Supplementary S2: Determining an error bound for the Hybrid tau-leaping simulation model. Here, a reasonable choice of the error bound \(\epsilon \) (\(0 < \epsilon \ll \)1) for the hybrid tau-leaping simulation model was investigated by exploring the trade-off between simulation accuracy and computational speed at some predefined parameter values based on 100 different simulation realisations or repetitions; where each simulation realisation corresponded to the nine observed parasite-fish groups (given fish sex, fish size, fish stock and parasite strain).

Supplementary S3: Projection of parasite numbers after fish mortality.
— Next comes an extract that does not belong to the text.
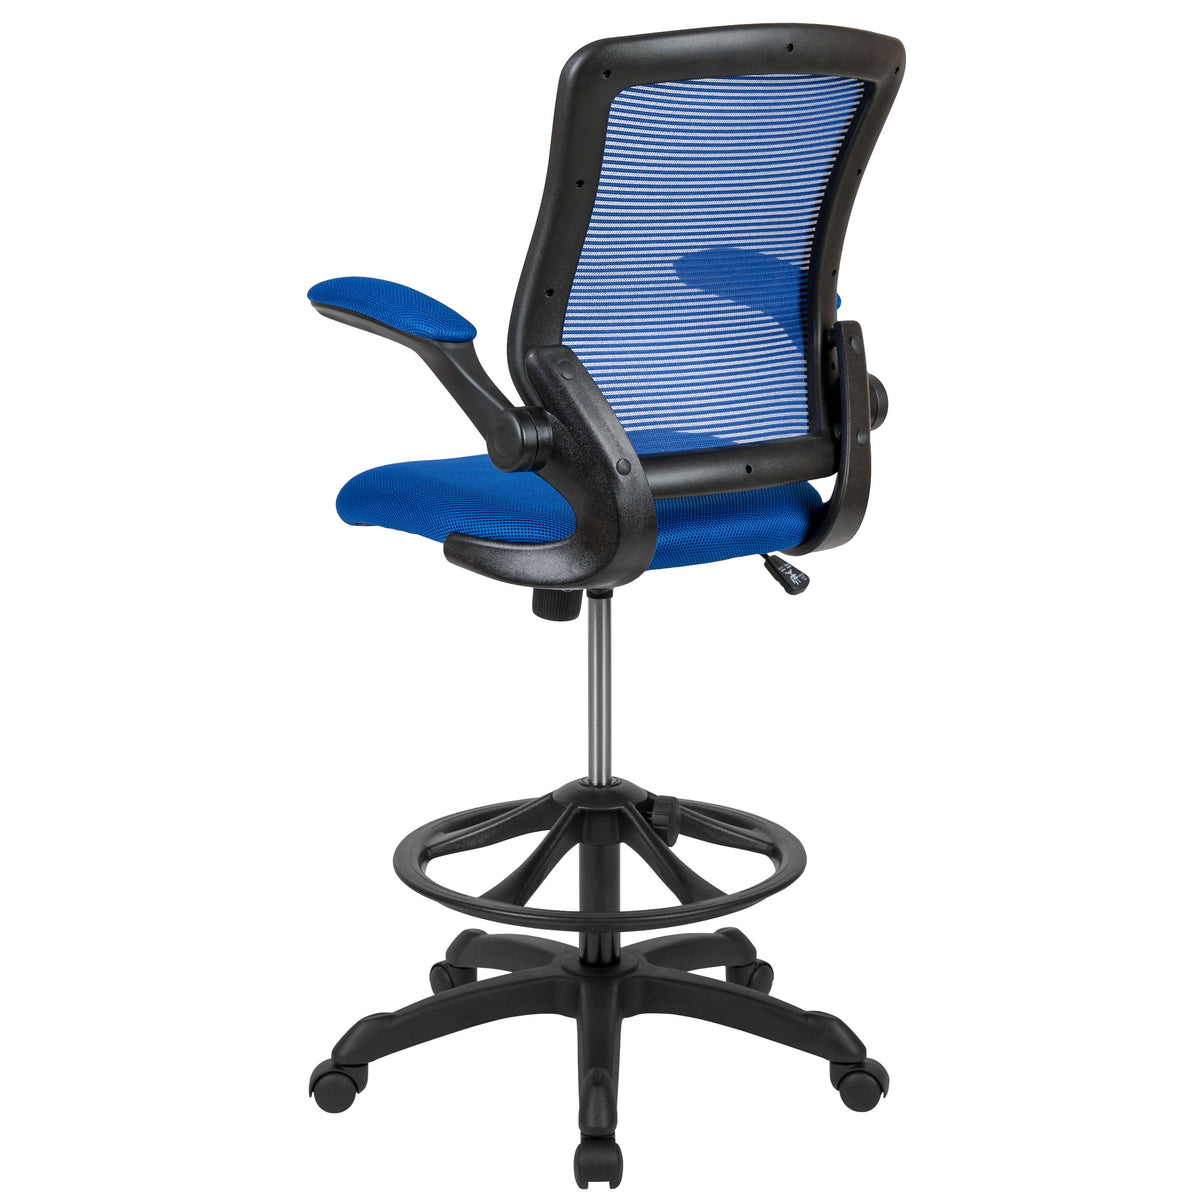 Blue |#| Mid-Back Blue Mesh Ergonomic Drafting Chair with Foot Ring and Flip-Up Arms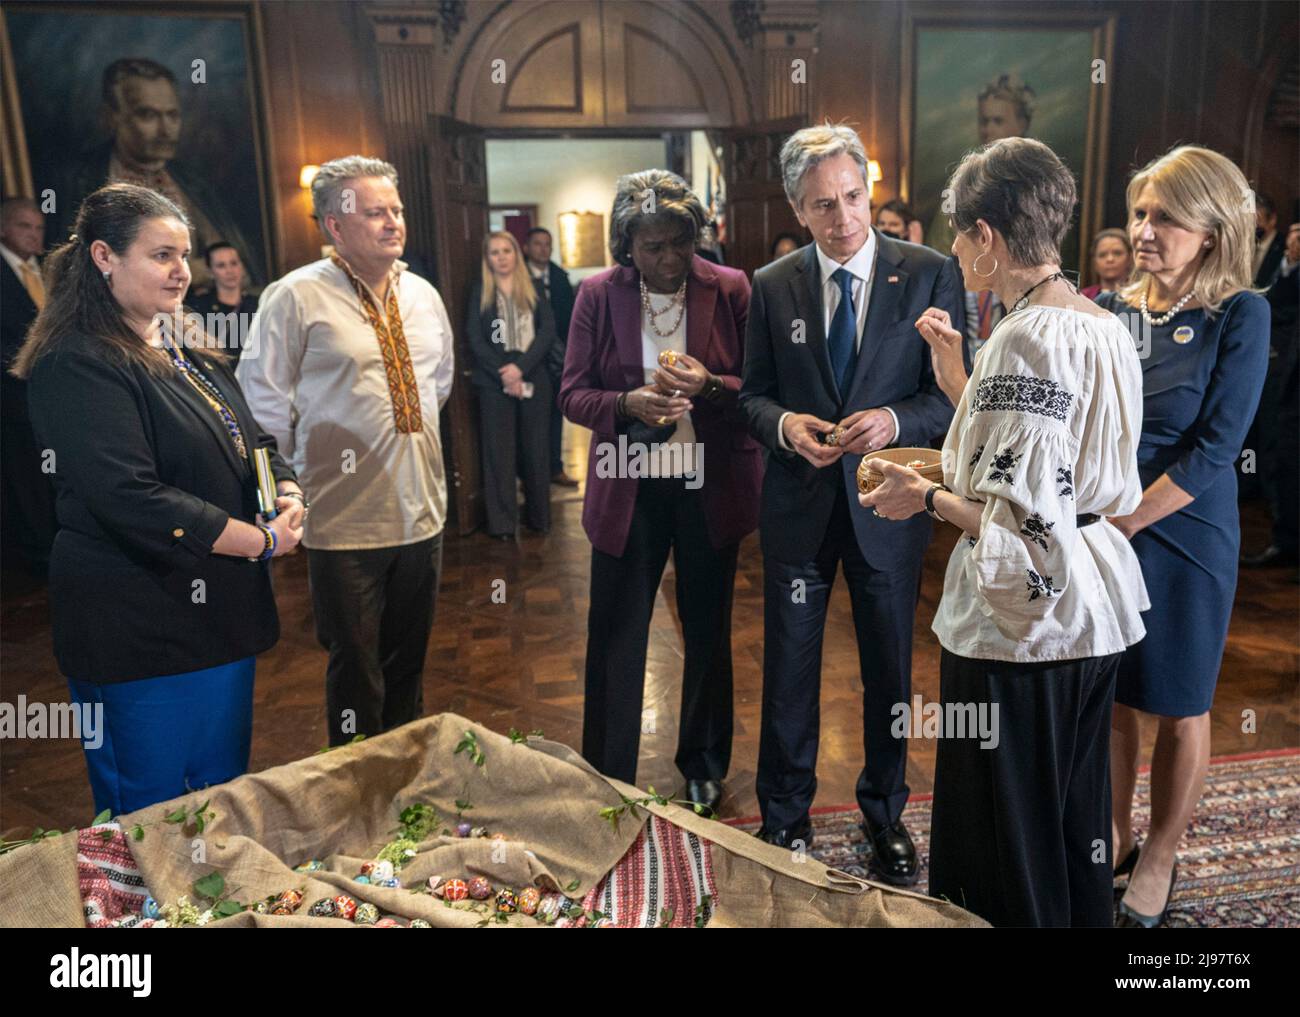 New York City, United States of America. 19 May, 2022. U.S. Secretary of State Antony Blinken, right, listens to Ukrainian artist Sofika Zielyk, left, describe her process making ornate Easter eggs called pysanka during a visit to the Ukrainian Institute of America, May 19, 2022 in New York City, New York.  Credit: Freddie Everett/State Department/Alamy Live News Stock Photo

Here, an optimised linear regression function is developed to aid in computing the summary statistics during ABC fitting of our sophisticated simulation model after premature host mortality (which also includes a proposed theorem and its mathematical proof).

Supplementary S4: Assessing the weighted-iterative ABC and regression adjustments using a numerical experiment. Here, we present the results of a numerical experiment conducted with our stochastic simulation model at pre-defined parameter values. The aim is to evaluate the performance of our modified ABC-SMC sampler and investigate model identifiability. Supplementary Figures: Marginal density plots of the unadjusted ABC posterior at N = 500, 1000 and 1500 given the observed empirical data.